A GRAND SLAM
Hart Lee Dykes was hardly the first high school football star ever to be exposed to the blandishments of unethical college recruiters and boosters. But Dykes, now an Oklahoma State senior who earned All-America honors at wide receiver this season, has proved different in one respect: According to published reports, NCAA investigators offered him immunity from punishment if he would talk about the improper inducements he was offered when he came out of high school in Bay City, Texas, in 1985, and his cooperation with the investigators sent four major college football programs reeling.

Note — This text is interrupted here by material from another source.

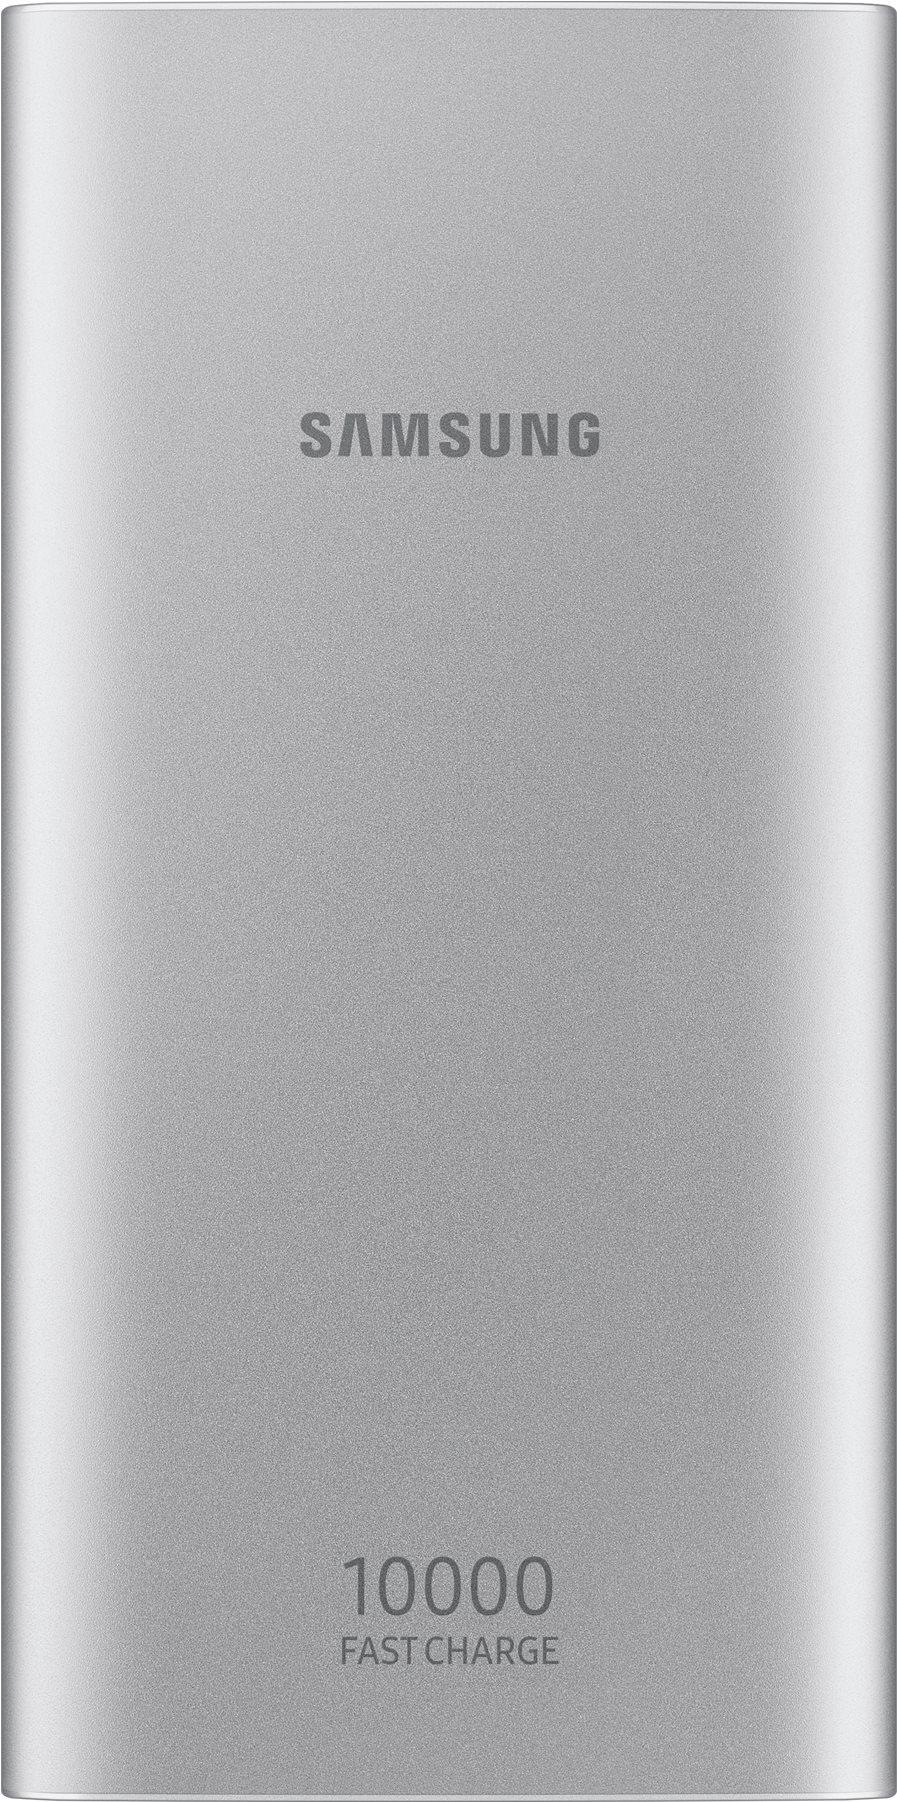 Samsung Power Bank 10000mAh USB-C Fast Charge ezüst

Dykes's testimony is said to have been the key to landing Illinois, Texas A & M, Oklahoma and, last week, his own school on NCAA probation. Oklahoma State, which was found guilty of more than 40 rules violations, including providing cash payments in excess of $5,000 and a sports car to an unnamed player (reported to be Dykes), received the most severe punishment since SMU's football program was shut down by the NCAA in 1987: no television appearances for two years, and a reduction in scholarships and no bowl appearances for three years. Because of the sanctions, the NCAA will allow Cowboy players with three or fewer years of eligibility remaining—including junior running back Barry Sanders, the Heisman Trophy winner—to transfer to another school outside the Big Eight Conference and be eligible to play there immediately if they so wish. Sanders said last week he will stay at Oklahoma State.

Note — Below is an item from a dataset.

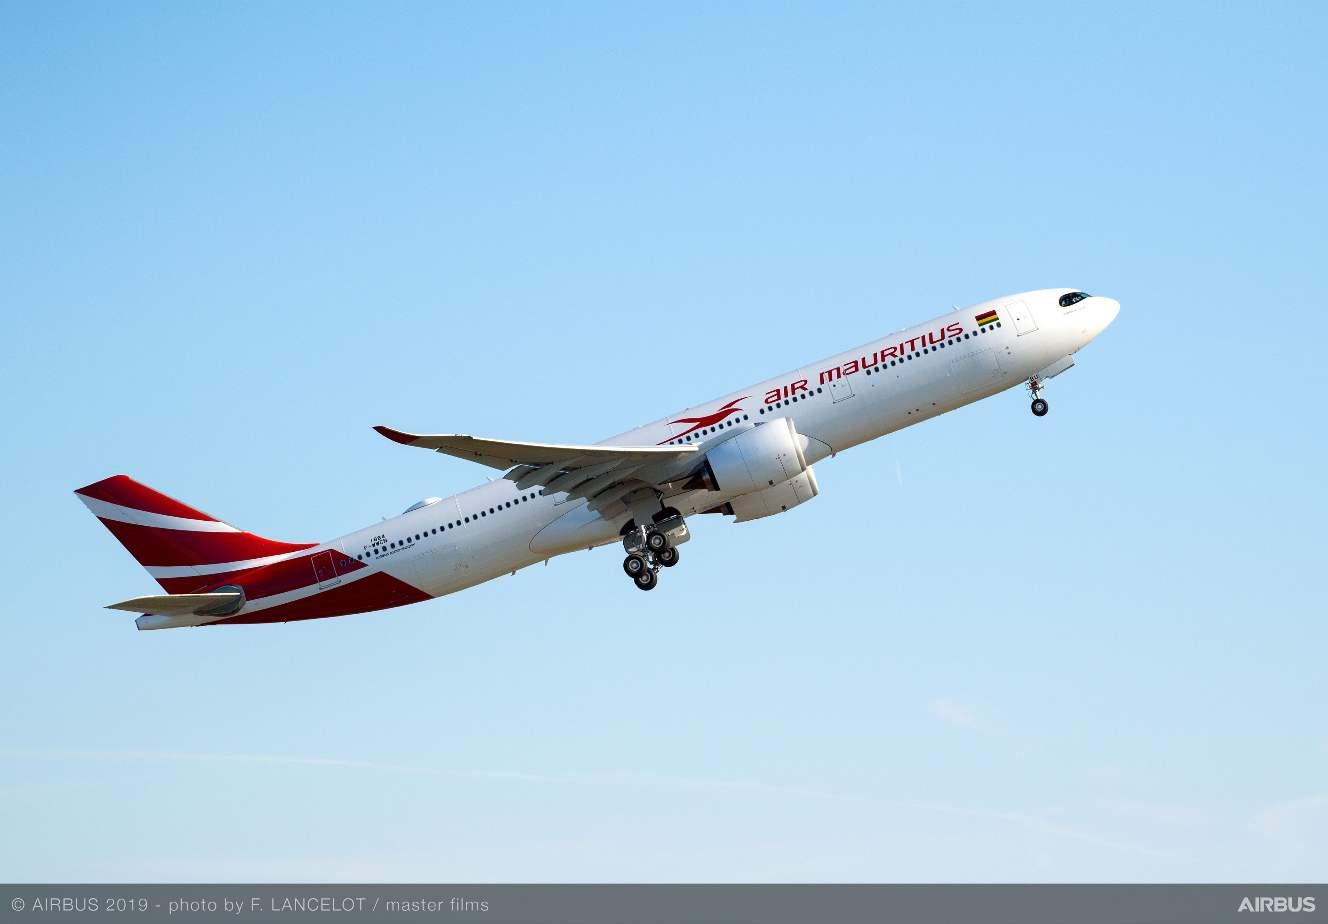 Air Mauritius gets first Airbus A330neo

With Oklahoma State and Oklahoma on probation in football and defending NCAA champion Kansas on probation in basketball, Big Eight schools could lose more than $4.5 million in shared television, bowl and playoff revenue in the next year. "It hurts bad," says Kansas athletic director Bob Frederick, who believes conference schools may have to trim their athletic programs.
Long after Dykes has gone to the pros, his name may continue to serve as a reminder to college athletic administrators of the increasingly large financial risks that come with cheating.
BRACE YOURSELF
The Philadelphia Flyers will soon begin test-marketing their own brand of cologne. It will be called Bully.
LAND FOR SALE
Rarely has the Reagan Administration been accused of being too protective of the environment, but a recent position paper put out by The Heritage Foundation, a conservative think tank in Washington, D.C., took the administration to task for failing to help private interests develop public lands. But in its waning days the administration has in fact been selling off publicly owned oil-shale tracts in the West to developers at a ridiculously low price—$2.50 an acre—and drawing up regulations that will encourage private coal mining on protected lands and hasten the opening of national forests to oil and gas drilling.
President-elect George Bush, who calls himself an environmentalist, has remained distressingly quiet about all this. If he truly plans to be a president who will distinguish himself by protecting public lands and national parks, he should not wait for Inauguration Day to start speaking out against this give away.